The upshot is that indoor farming can produce as much as 20 times the amount of food per unit area as conventional outdoor farming, said Gene Giacomelli, the director of the Controlled Environment Agriculture Center and a professor in agricultural and biosystems engineering at the University of Arizona in Tucson. As these farms scale up, however, they will need more electricity, not just for lighting but to run equipment like pumps and fans, Giacomelli said.

Investment in food and agriculture technology startups was $4.6 billion in 2015, nearly double what it was in 2014, according to AgFunder, an online investment platform for the agricultural technology industry.

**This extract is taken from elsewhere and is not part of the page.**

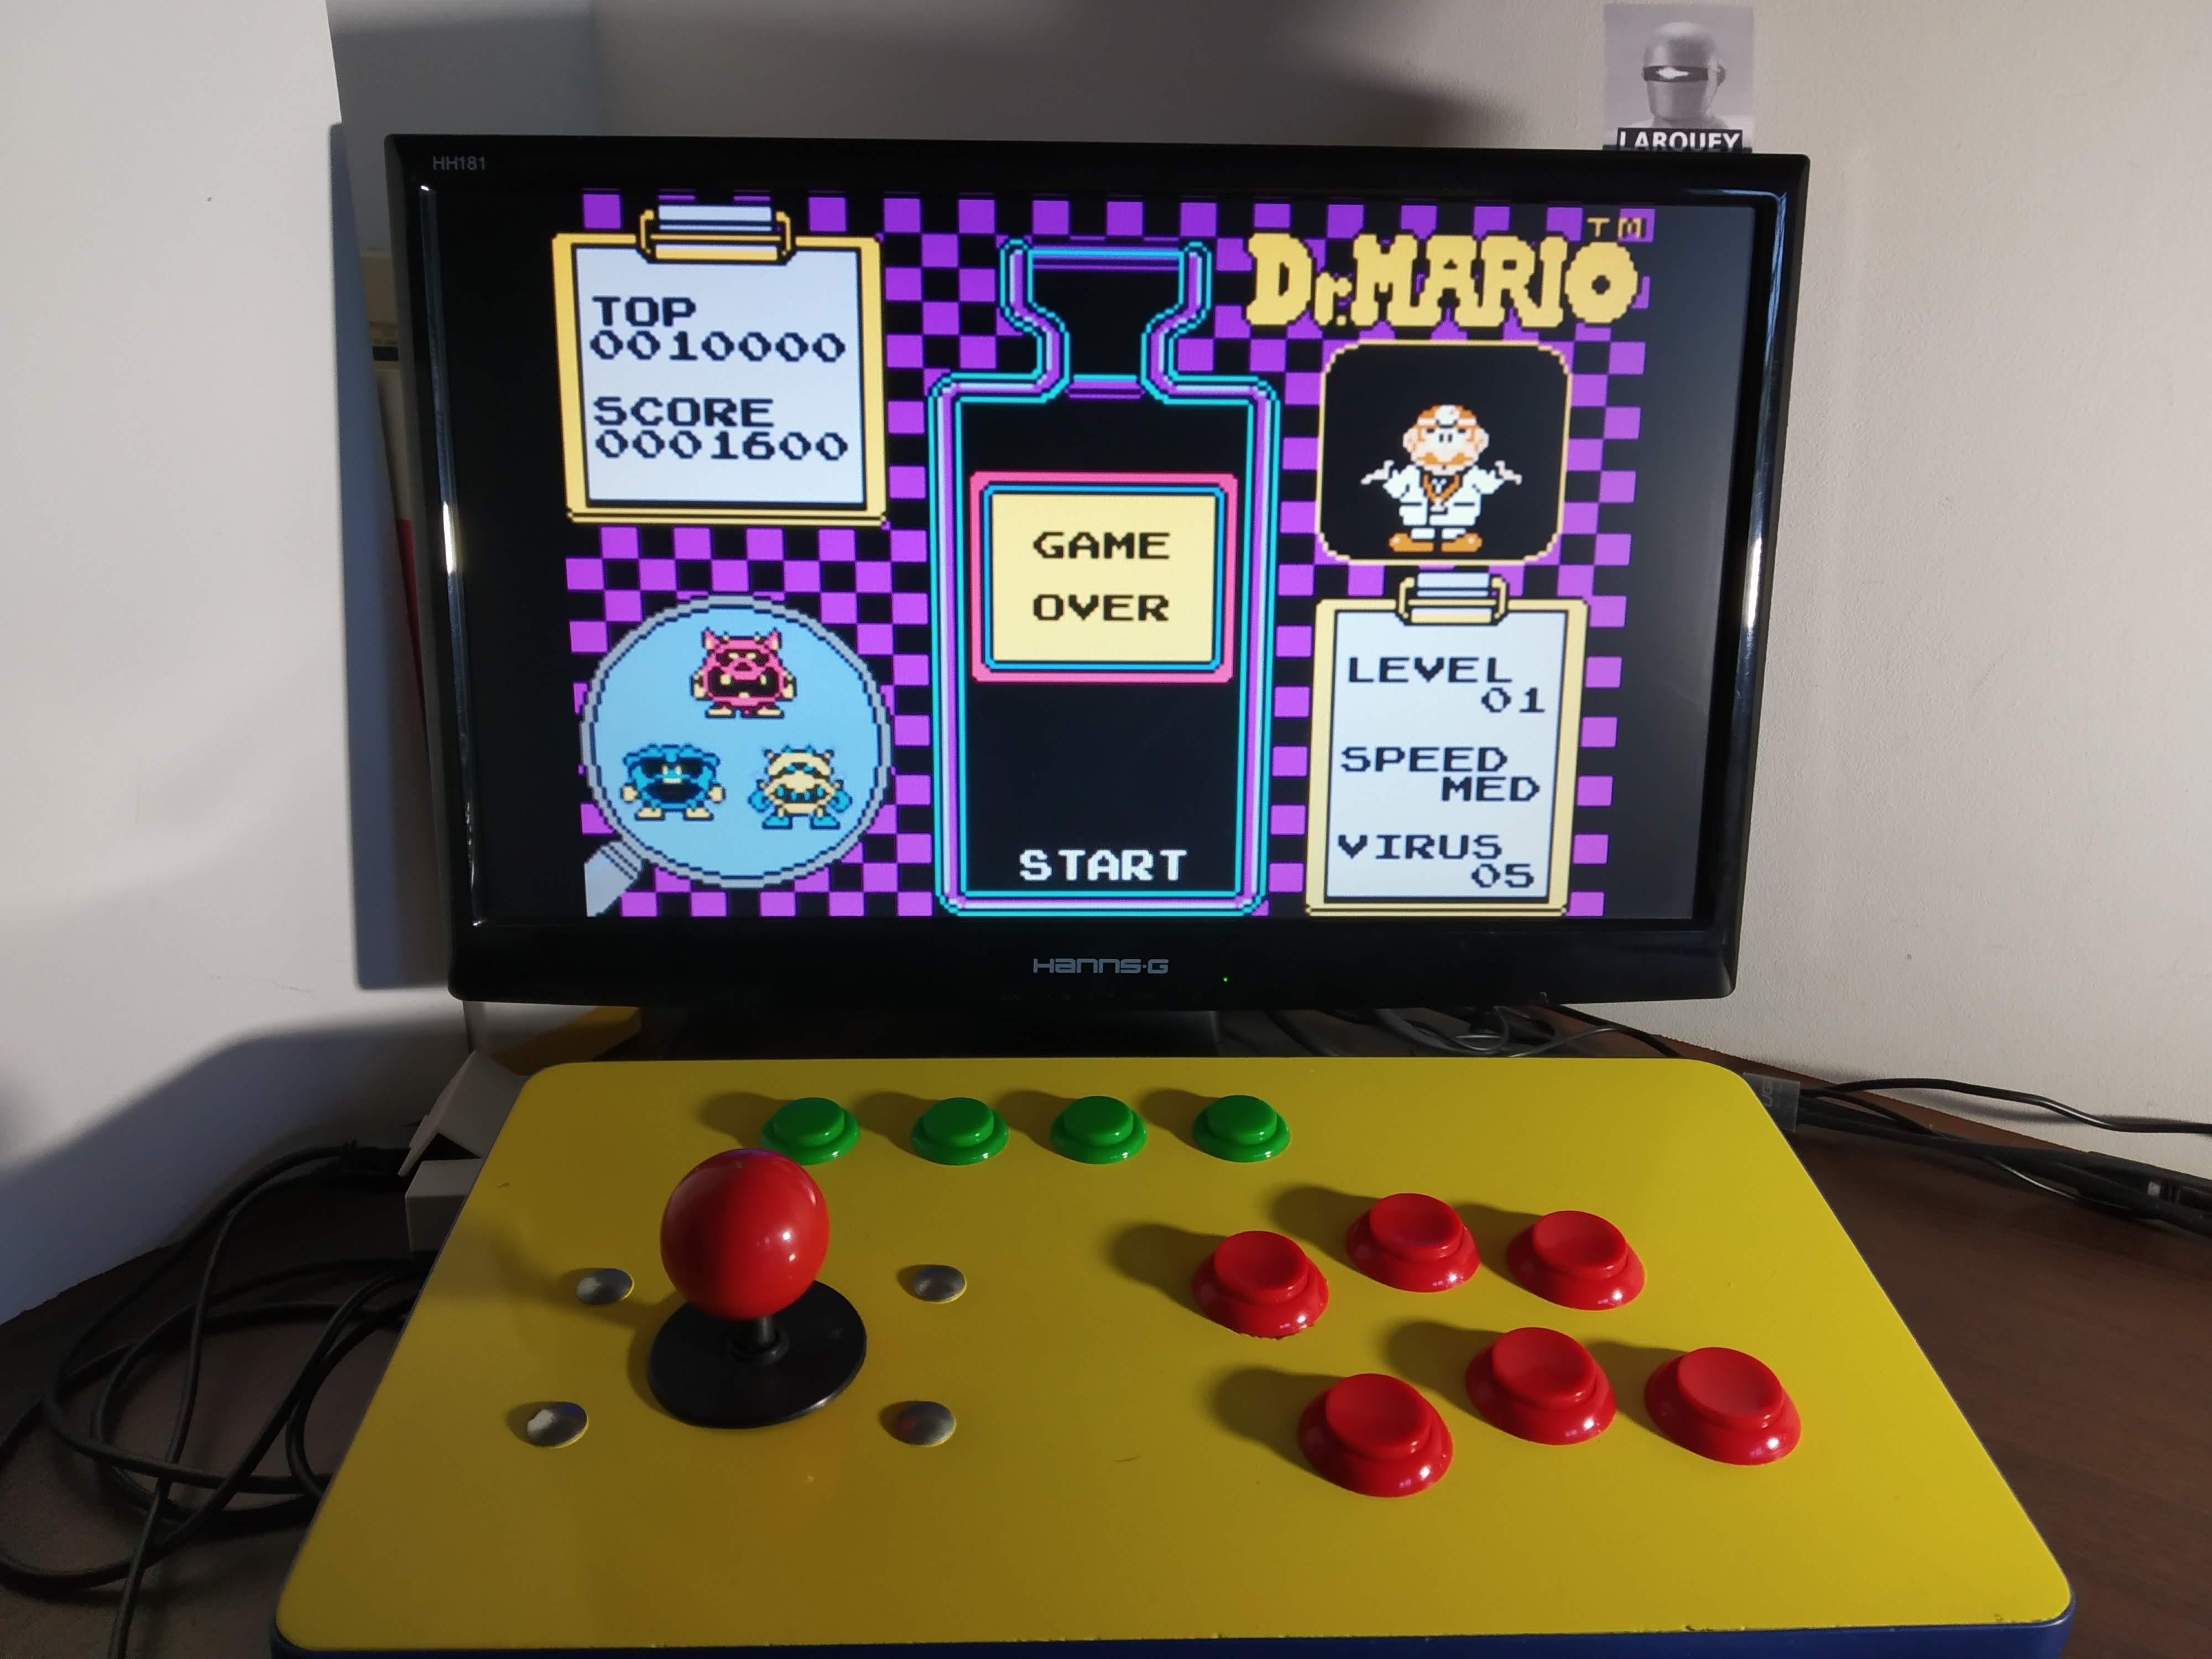 Larquey: Famicom Mini Vol. 15: Dr. Mario (GBA Emulated) 1,600 points on 2019-12-21 16:13:22
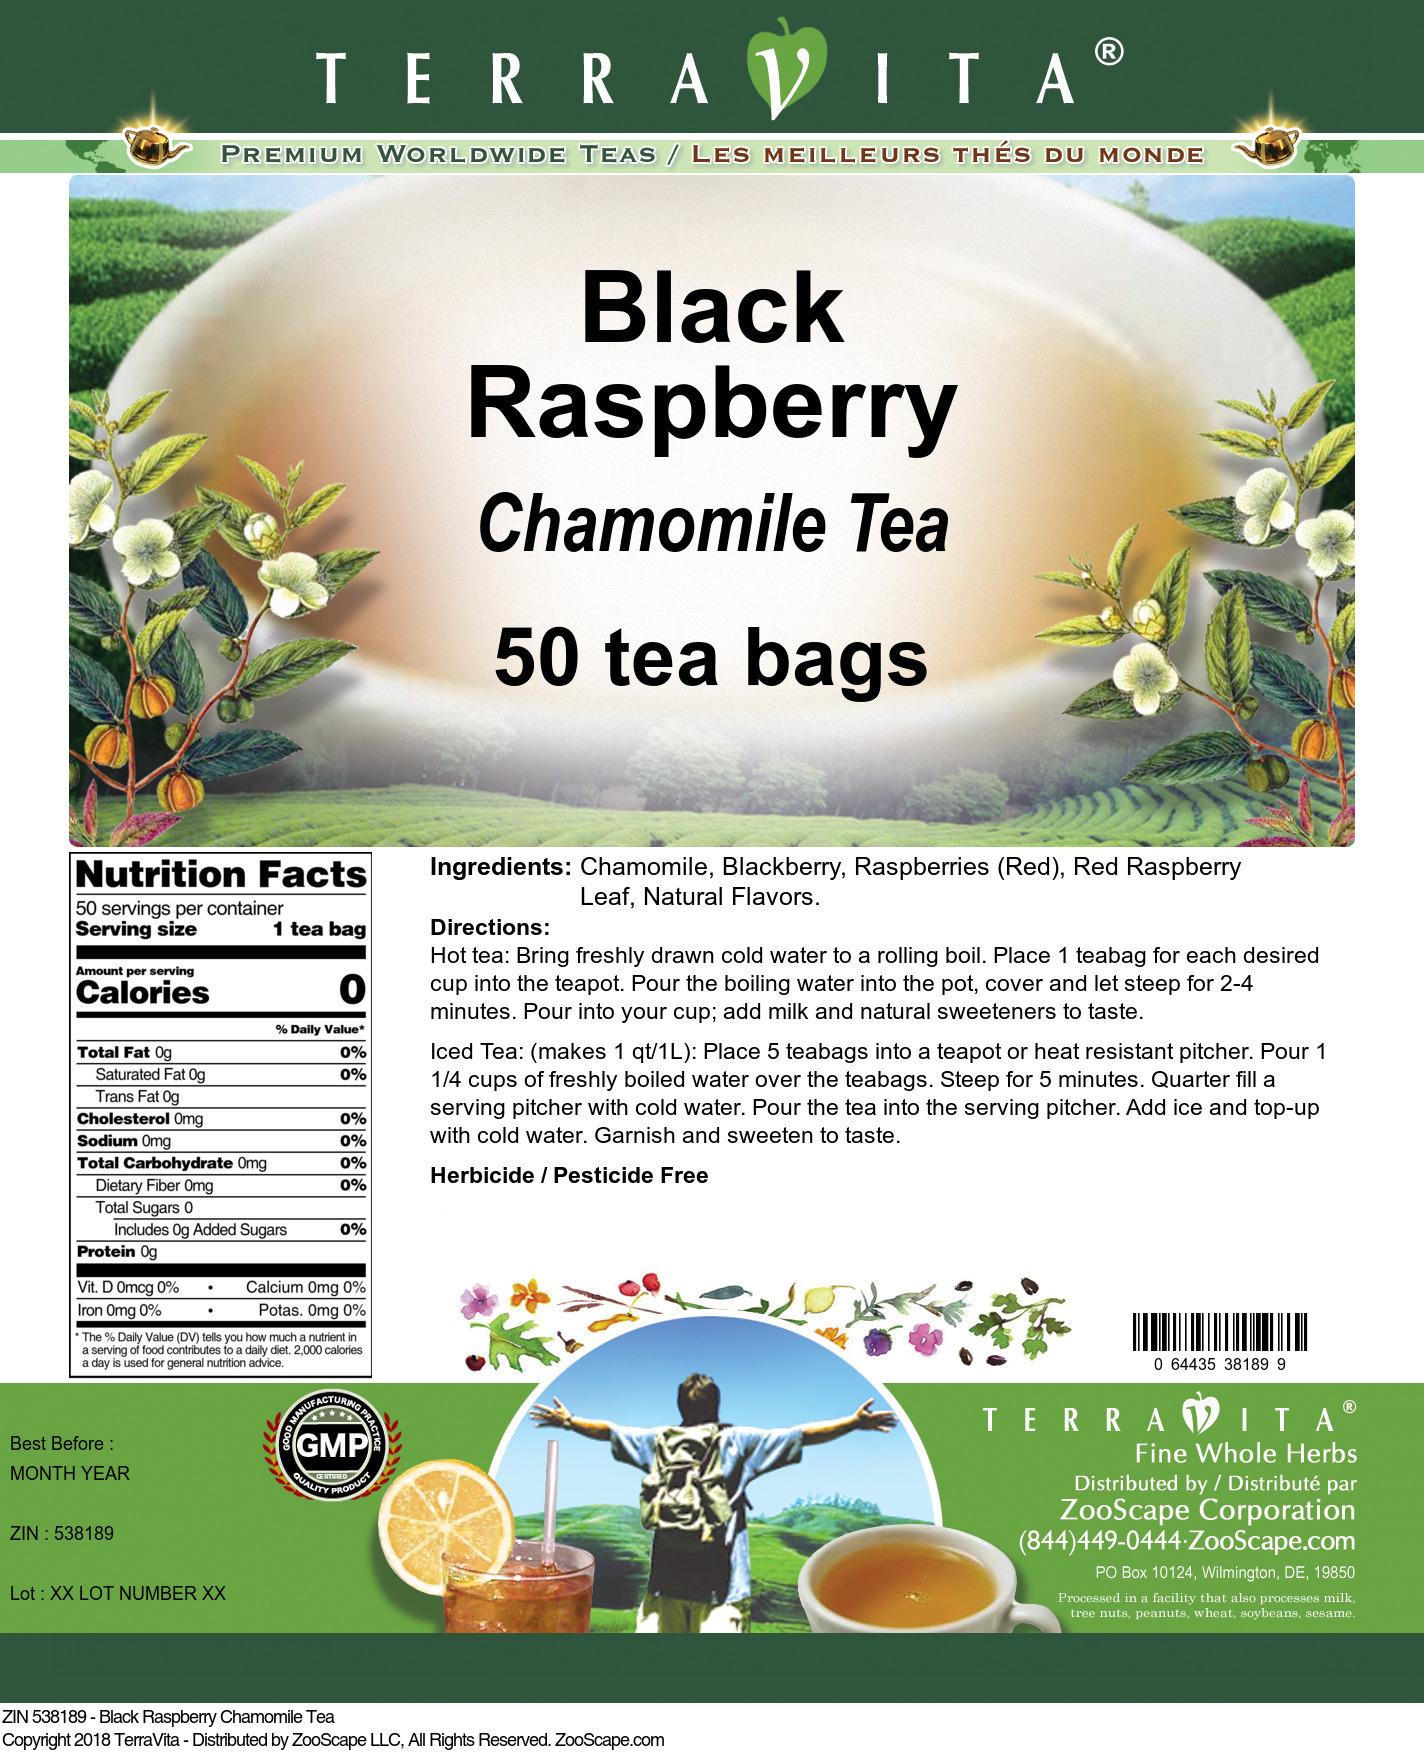 Black Raspberry Chamomile Tea

And local foods generated $11.7 billion in sales in 2014, which is predicted to increase to $20.2 billion by 2019, according to the consumer market research firm Packaged Facts.

Edenworks, in New York, uses an aquaponic system, which allows plants and fish to be farmed at the same time, creating a self-regulating indoor ecosystem. Tilapia are grown in tanks, and their wastewater is pumped through a bioreactor where composting bacteria turn waste into fertilizer. Plants use the fertilized water to grow and then the water is returned -- minus the fertilizer -- to the fish tanks.

When the cost of LED lighting decreased, the company changed the greenhouse into a vertical, indoor stacked system, using shade cloth to block light and mimic a warehouse environment, said Jason Green, a co-founder and chief executive.

Edenworks, which is not profitable, has received $1.5 million in funding and intends to build a 10,000-square-foot vertical farm in a vacant New York warehouse, which is expected to open before year's end. Green said it is expected to produce 130,000 pounds of leafy greens and 50,000 pounds of fish annually.

Yet profitability can be elusive for aquaponic farming. According to a 2015 Department of Agriculture study on the economics of aquaponics, raising fish indoors is two to three times as expensive as raising them in open ponds.

Such setups are also labor-intensive, with multiple systems requiring constant monitoring, in addition to harvesting and packing. A peer-reviewed survey of commercial aquaponics operations conducted in 2013 found that fewer than one-third of farms were profitable in the previous year.

Still, Green and his competitors are optimistic about the future of vertical farming. David Rosenberg, the co-founder and chief executive of AeroFarms in Newark, N.J., said although his business was not profitable, he believed that would change when it got larger. "You really need economies of scale for this to work, to address a host of complexities," he said.

AeroFarms plans to build large vertical farms worldwide and has raised more than $70 million to fulfill its ambitions. The company grows leafy greens aeroponically -- by misting the roots with a cocktail of water, nutrients and oxygen. Rosenberg said his farm was 75 times as productive per square foot as a commercial field farm.

The company is building its next farm and global headquarters in a 70,000-square-foot former steel mill in Newark. It will be the largest indoor farm in the world, Rosenberg said.